Сердце бухало так, что в груди делалось больно. В горле стоял ком, в ногах разливалась противная слабость. Я прислонилась к стене, чтобы не упасть.
Григорий смотрел с вызовом, с заносчивой презрительностью.
– Почему… зачем ты это делаешь? – через силу спросила я.
Он натянул джинсы, огляделся в поисках футболки. Та валялась у моих ног, и я с трудом подавила желание тут же заботливо поднять ее, будто угодливый слуга. Слишком много чести для этого бессовестного идиота.
Григорий отыскал взглядом футболку, подошел ко мне вплотную.
– С чего ты решила, что мне интересно перед тобой исповедаться? – холодно спросил он.
Кажется, он ни капли не раскаивался в содеянном. Да, точно не раскаивался.
Я против воли опять мазнула взглядом по смятой постели, по свесившейся с ее края шелковой простыне. Сглотнула.
– То, что ты делаешь, отвратительно, – выпалила я, вздернув подбородок. – Ты – отвратителен!
– Ни тебе читать мне мораль. – Усмехнувшись, он поднял футболку, не торопясь надел, но в сторону не отошел, навис надо мной скалою.
У меня почти сразу возникло ощущение, будто Григорий каким-то образом вобрал в себя весь кислород. Я делала один глубокий вдох за другим, но мне все больше не хватало воздуха.
– Если бы я с самого начала знала, что ты задумал, никогда бы не стала с тобой работать.
– Серьезно? – Он демонстративно вскинул брови. – А, по-моему, ты нагло врешь. Еще как стала бы, с превеликим удовольствием. Но зарплату, конечно, попросила бы больше.
Я мотнула головой. Меня почти трясло, хотелось оттолкнуть его, огреть чем-нибудь тяжелым.

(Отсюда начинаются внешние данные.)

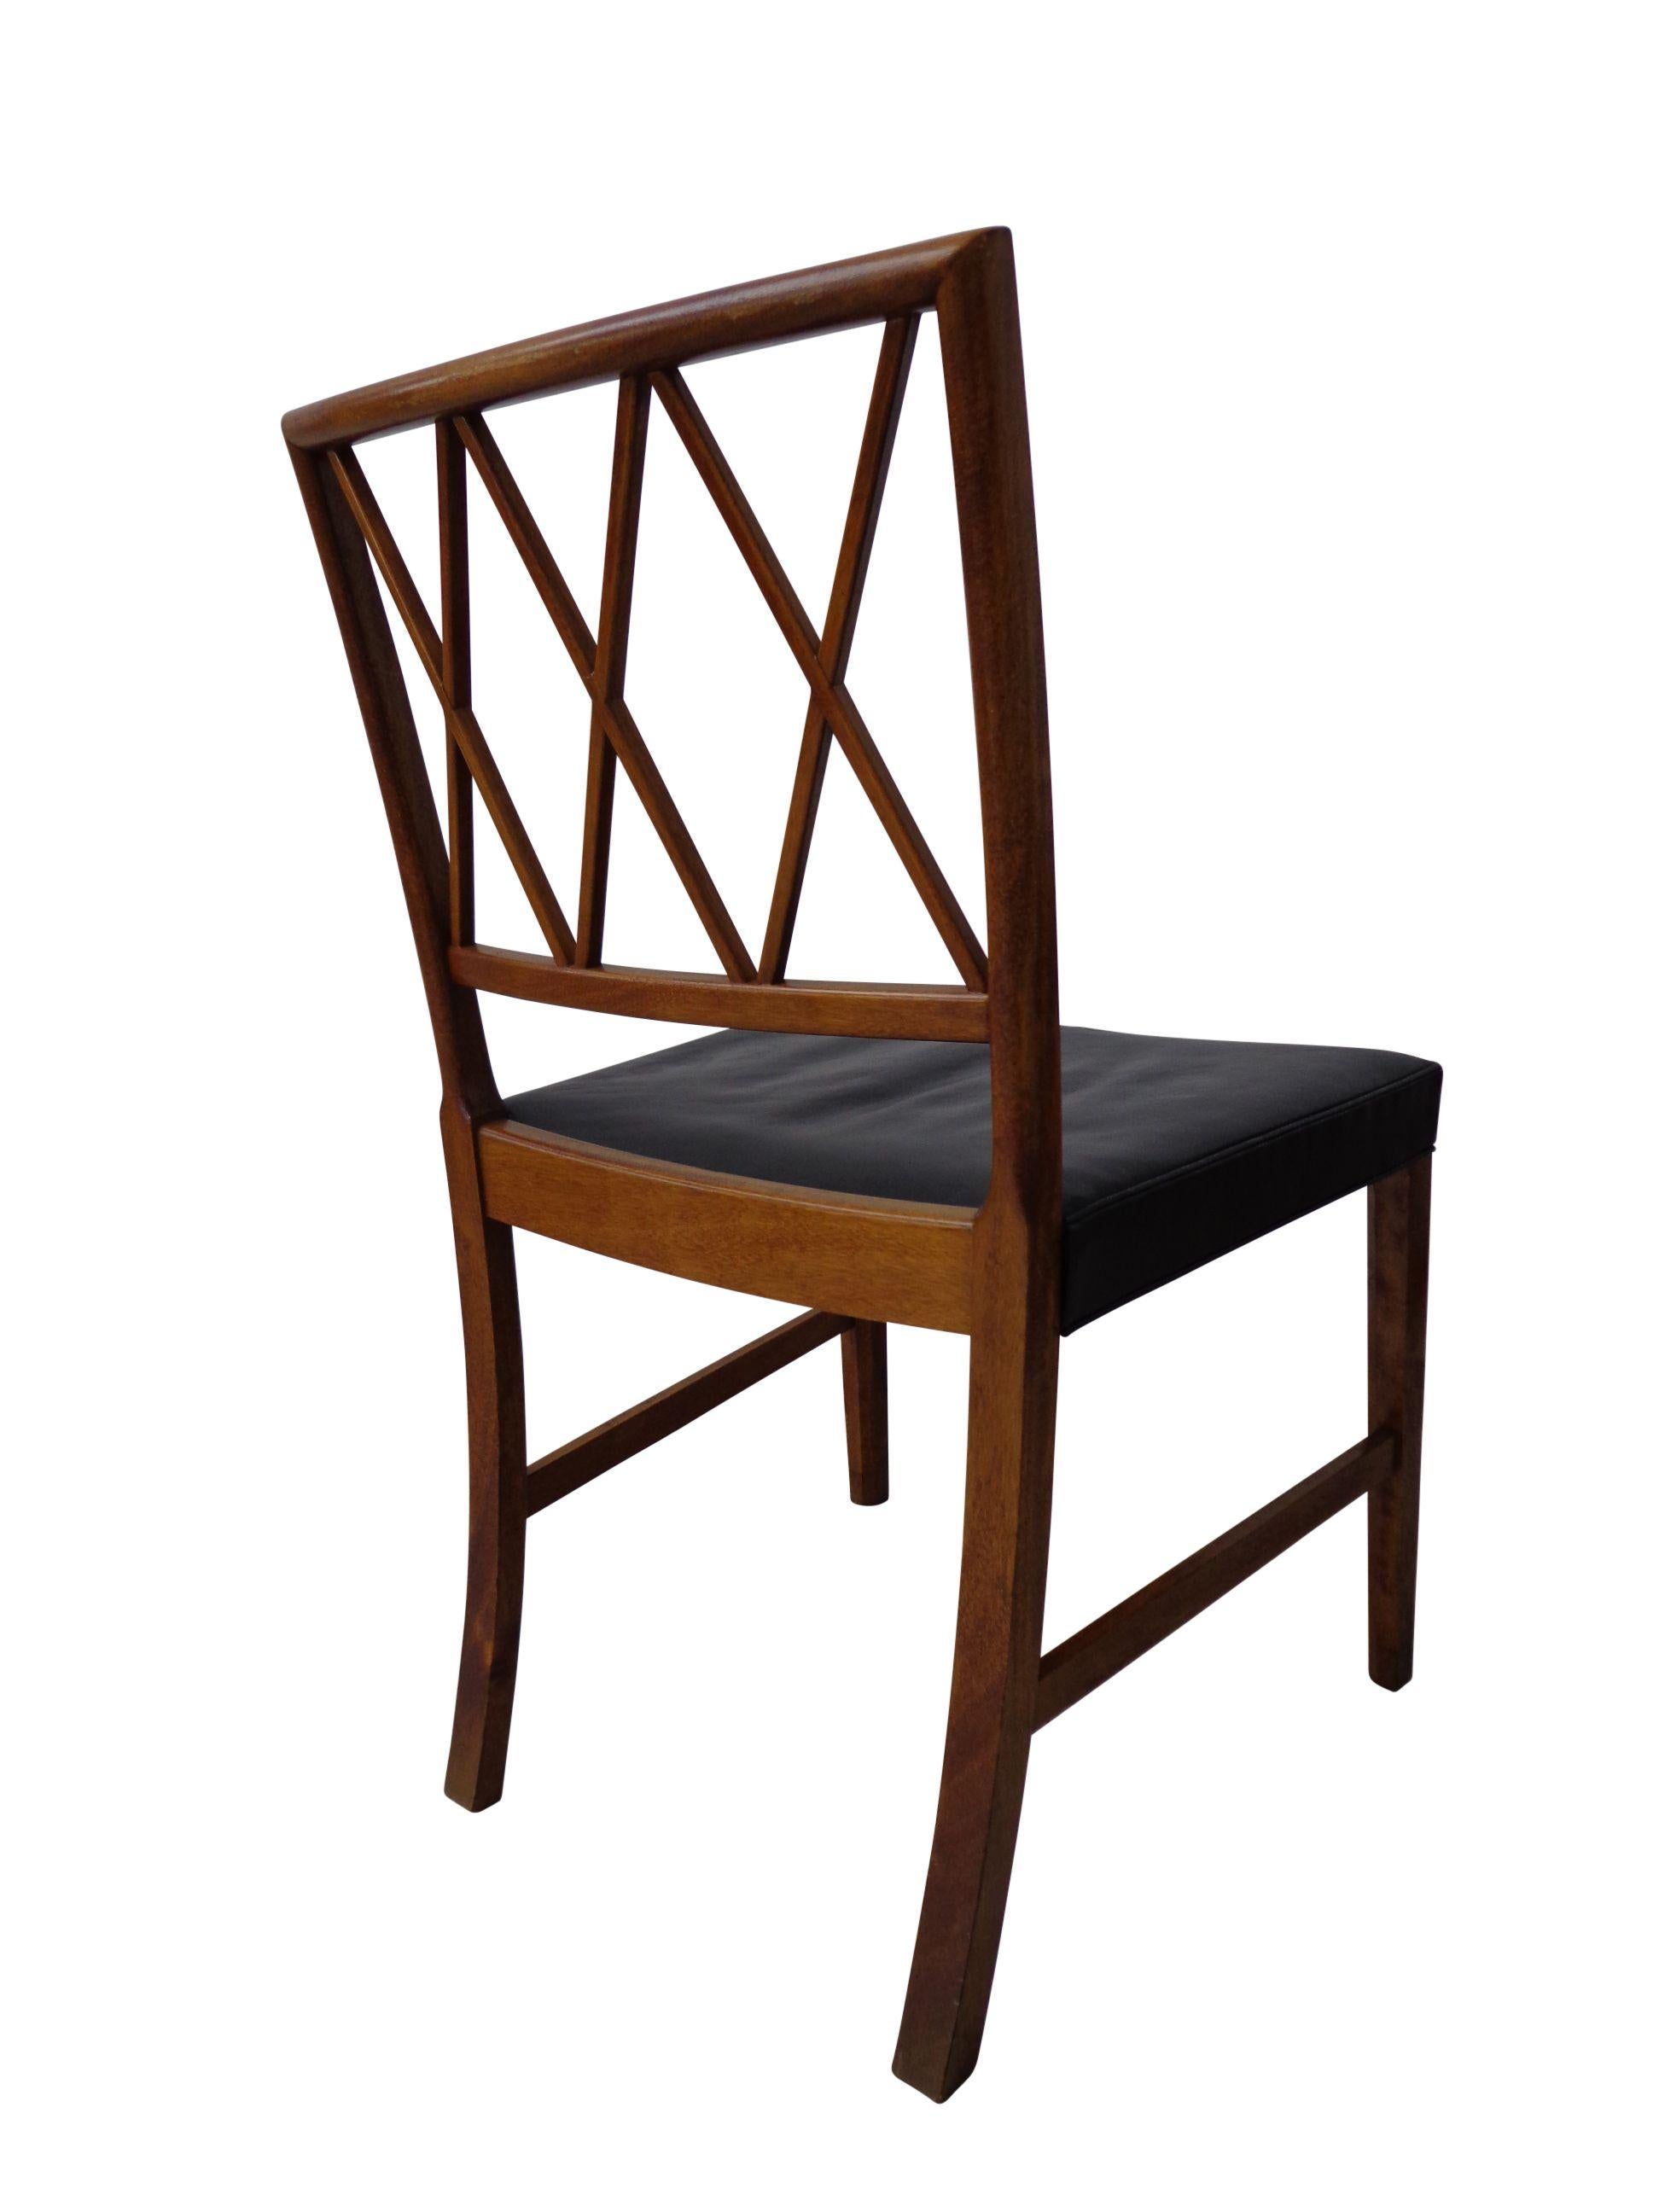 Ole Wanscher Dining Chairs by Cabinetmaker A.J Iversen in Denmark 1940s For Sale 6

– Не волнуйся, я выпишу тебе премию, – с насмешкой произнес он. – За все перенесенные моральные страдания.
– Да пошел ты! – сиплым голосом выкрикнула я. – Мне от такого, как ты, ни копейки не надо. И вообще, я больше на тебя не работаю!

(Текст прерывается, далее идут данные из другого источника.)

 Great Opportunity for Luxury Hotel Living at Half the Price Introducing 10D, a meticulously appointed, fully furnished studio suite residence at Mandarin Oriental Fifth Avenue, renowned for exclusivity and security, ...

Я попыталась ускользнуть в прихожую, но Григорий перехватил меня, прижал к себе. Сквозь мое тело прокатилась волна жара, а сразу после нее внутри все болезненно сжалось, тоненько заныло.
– Отпусти! – Я попыталась вырваться – задергалась, как рыба, попавшаяся на крючок. – Отпусти сейчас же! Вообще, не смей ко мне больше прикасаться. Мне теперь и смотреть-то на тебя противно.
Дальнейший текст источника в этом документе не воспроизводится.